Start Eclipse. Click on File > New > Java Project.
In the dialog box that appears, enter the path to the folder in the Location text box.
Click Finish. A new project should now appear in your Package Explorer panel.
Expand the src folder in that tree, and double click on SearchFiles.java inside edu.asu.cse494.
Click on Run > Run As > Java Application.
You will now be able to type queries in the "Console" area at the bottom of the screen.

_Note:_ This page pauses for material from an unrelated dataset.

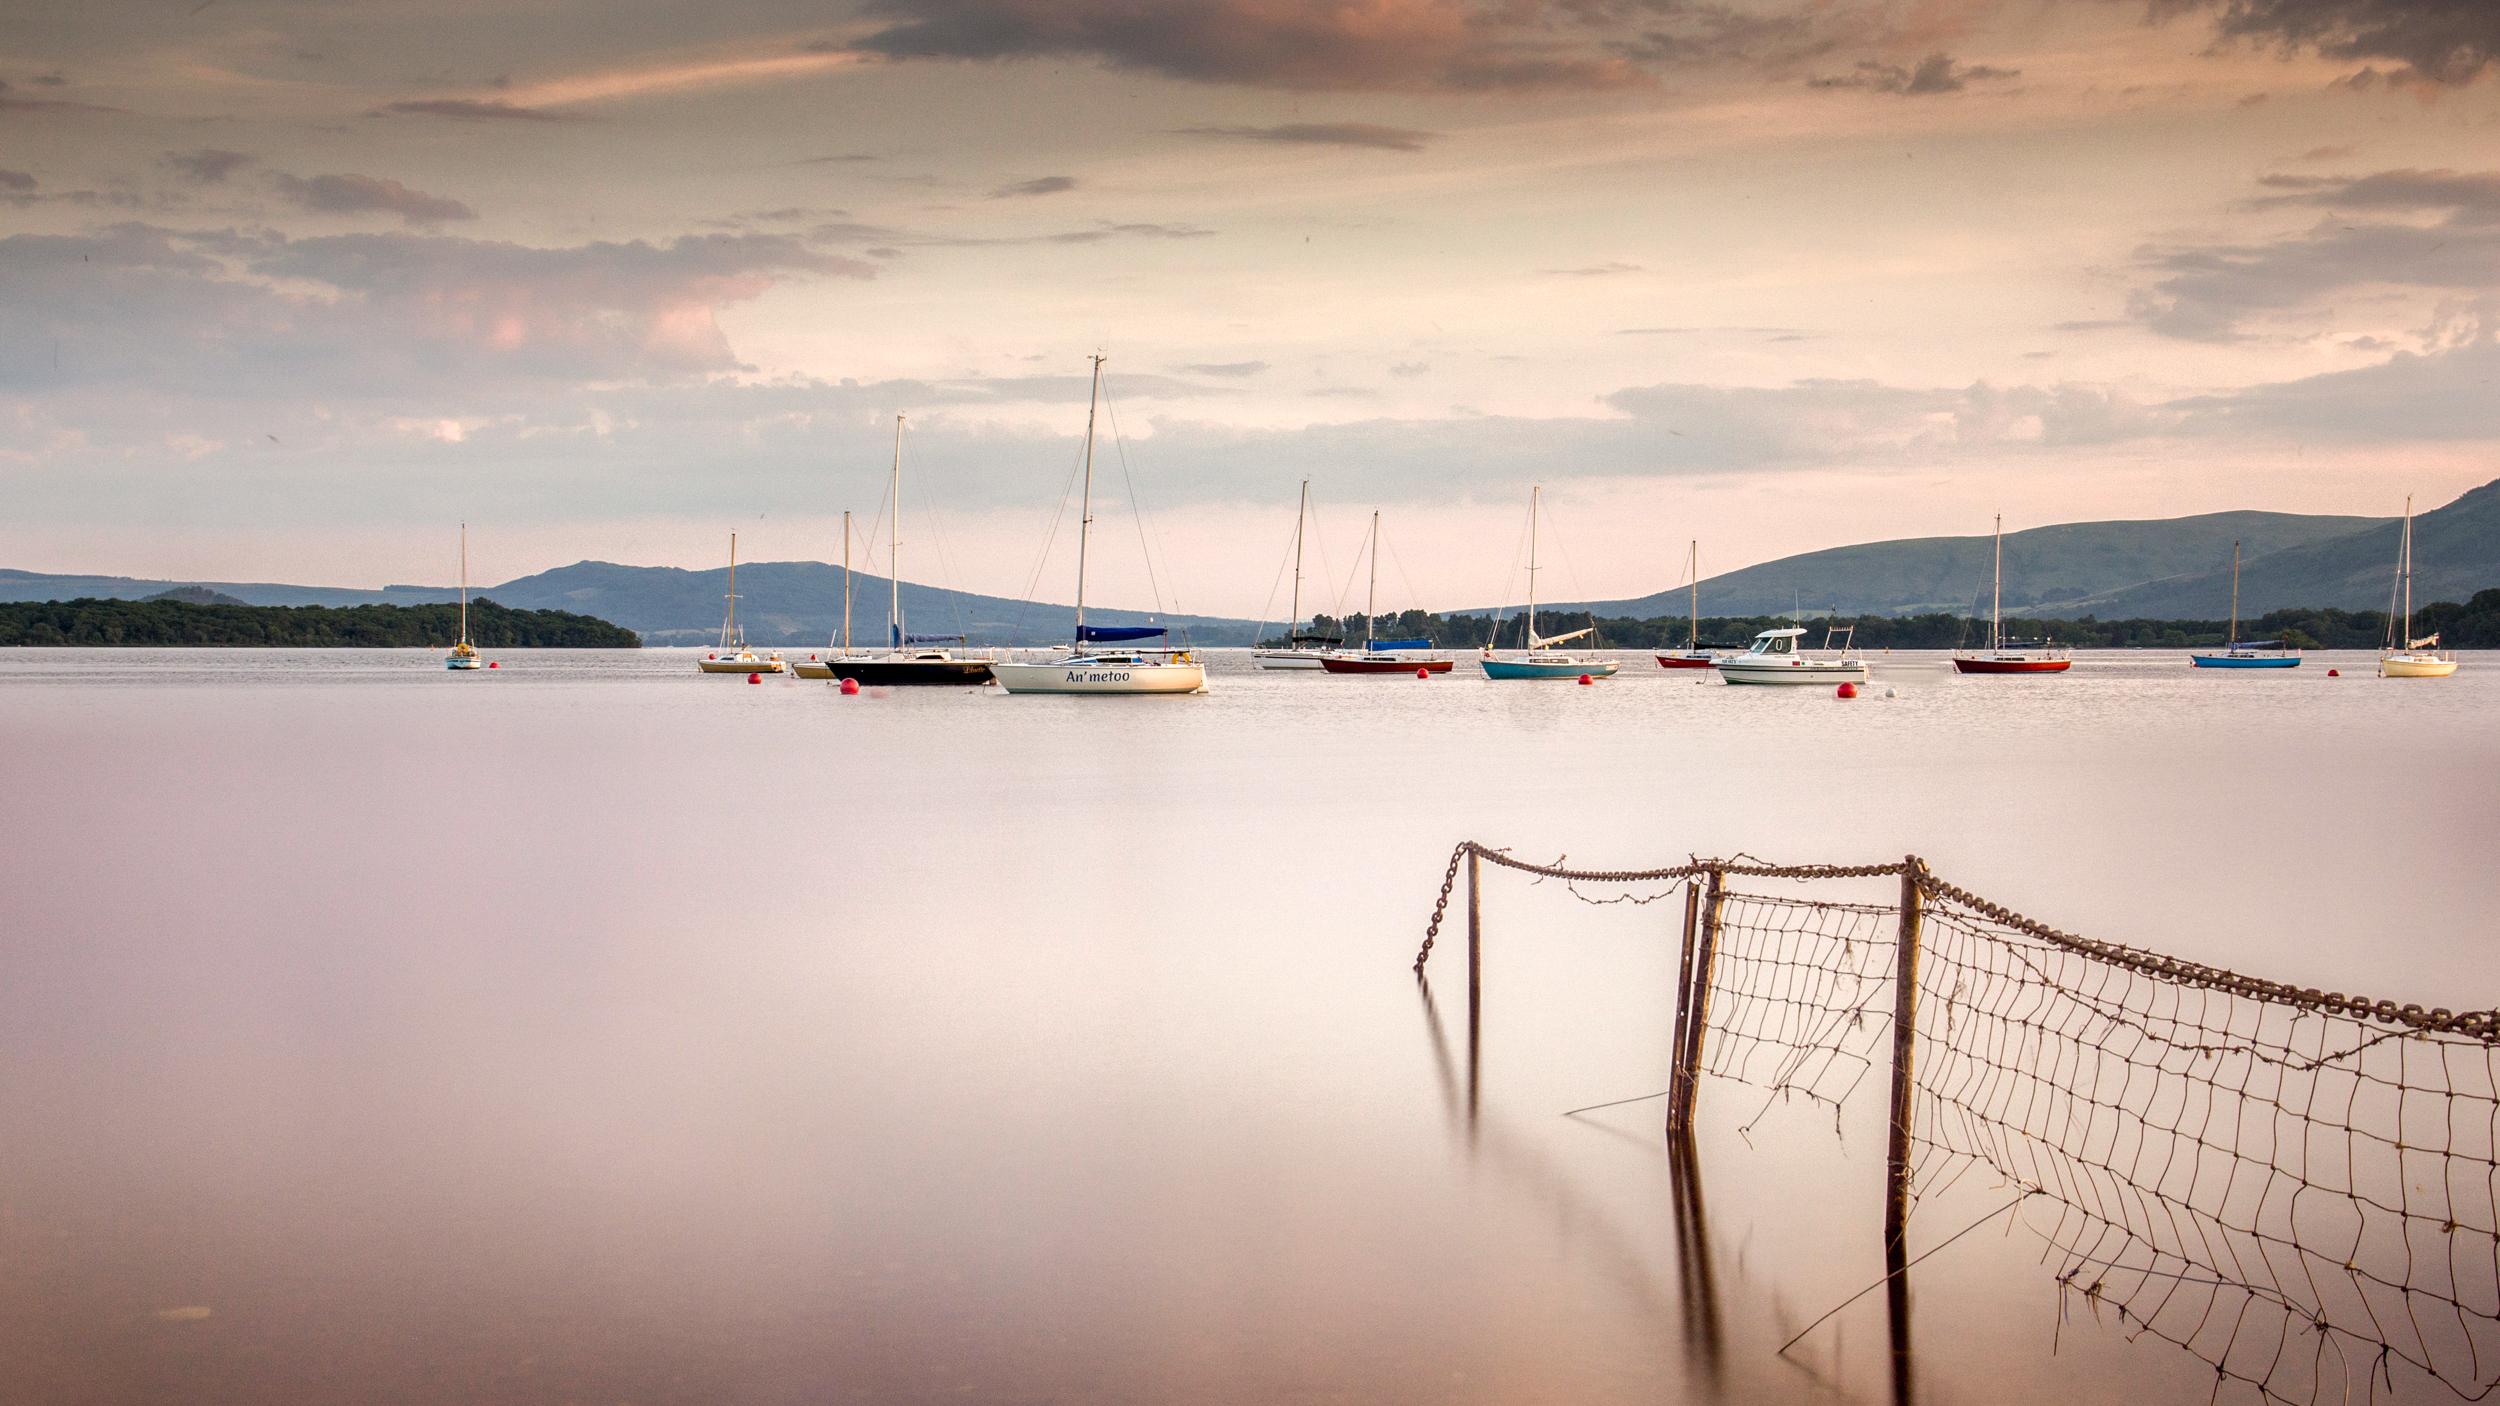 rowardennan, Scotland

Description and documentation

The file SearchFiles.java gives a query interface that accepts the queries and retrieves the matching documents. The interface accepts Boolean Queries. The program assumes "result3index" to be the name of the directory where the index is stored. To use your own index, change the default name to point to "yourindexname" and recompile.
The program VectorViewer.java is a demo program that lists the total number of documents in the index and the lists all the terms in the index with their frequencies. This program demonstrates how you can retrieve the underlying Document Vector Model for use in the various ranking algorithms that you develop. Read the commented section inside the code to extract the (document, freq) for each term in the index to generate the document vector model.
The package you downloaded uses the lucene api for indexing and searching. The full documentation for the supplied classes as well as the lucene api can be found here.

Additional Files:

Additional Code. This is a zip file containing some additional classes:
- Webcrawl.java: A crawler that crawls the web starting from the seed URL provided on invocation. This crawler stores the URLs that it successfully crawls. The result of one such crawl is made available as part of the class files below.
- IndexHTML.java: Contains code to create the index from the crawled URLs. The index generated is made available as part of the Projectclass.jar. The index is generated using the lucene API. The result of this program is made available as part of the cse494-v1.zip above. You can recreate your own index by running this program on the crawled html files.
- Other classes: Some other classes that you may use to index html pages.
Projectclass.jar. This is a zip file containing compiled versions of the code above, as well as a full crawl of the asu website. You should get this file if you are planning to recreate the index.